Ok, so I have a matrix with 17000 rows (examples) and 300 columns (features). I want to compute basically the euclidian distance between each possible combination of rows, so the sum of the squared differences for each possible pair of rows. Obviously it's a lot and iPython, while not completely crashing my laptop, says "(busy)" for a while and then I can't run anything anymore and it certain seems to have given up, even though I can move my mouse and everything.
Is there any way to make this work? Here's the function I wrote. I used numpy everywhere I could. What I'm doing is storing the differences in a difference matrix for each possible combination. I'm aware that the lower diagonal part of the matrix = the upper diagonal, but that would only save 1/2 the computation time (better than nothing, but not a game changer, I think).

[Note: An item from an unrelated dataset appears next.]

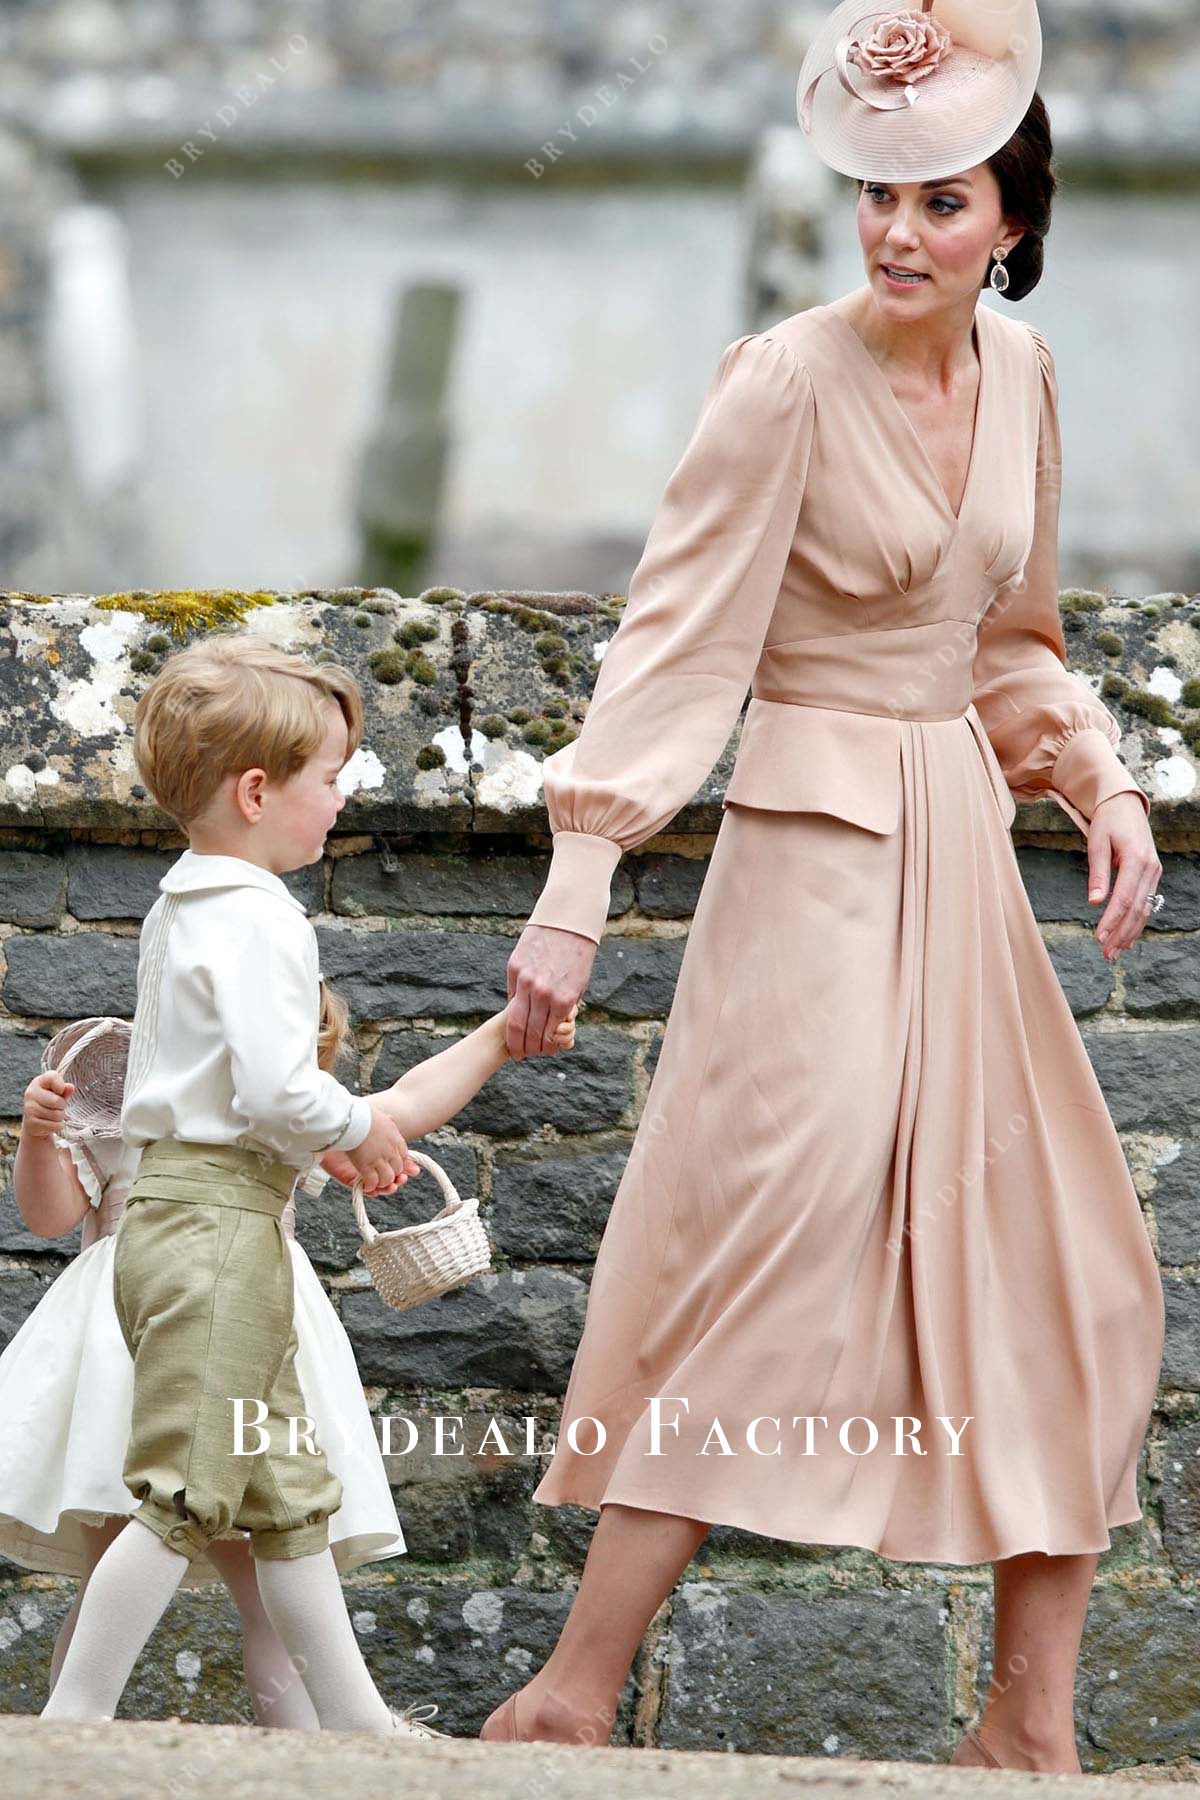 Kate Middleton Dusty Rose Dress on  Sister Pippa's Wedding 2017

EDIT: I just tried using scipy.spatial.distance.pdist
but it's been running for a good minute now with no end in sight, is there a better way? I should also mention that I have NaN values in there...but that's not a problem for numpy apparently.
features = np.array(dataframe)
distances = np.zeros((17000, 17000))
def sum_diff():
for i in range(17000):
for j in range(17000):
diff = np.array(features[i] - features[j])
diff = np.square(diff)
sumsquares = np.sum(diff)
distances[i][j] = sumsquares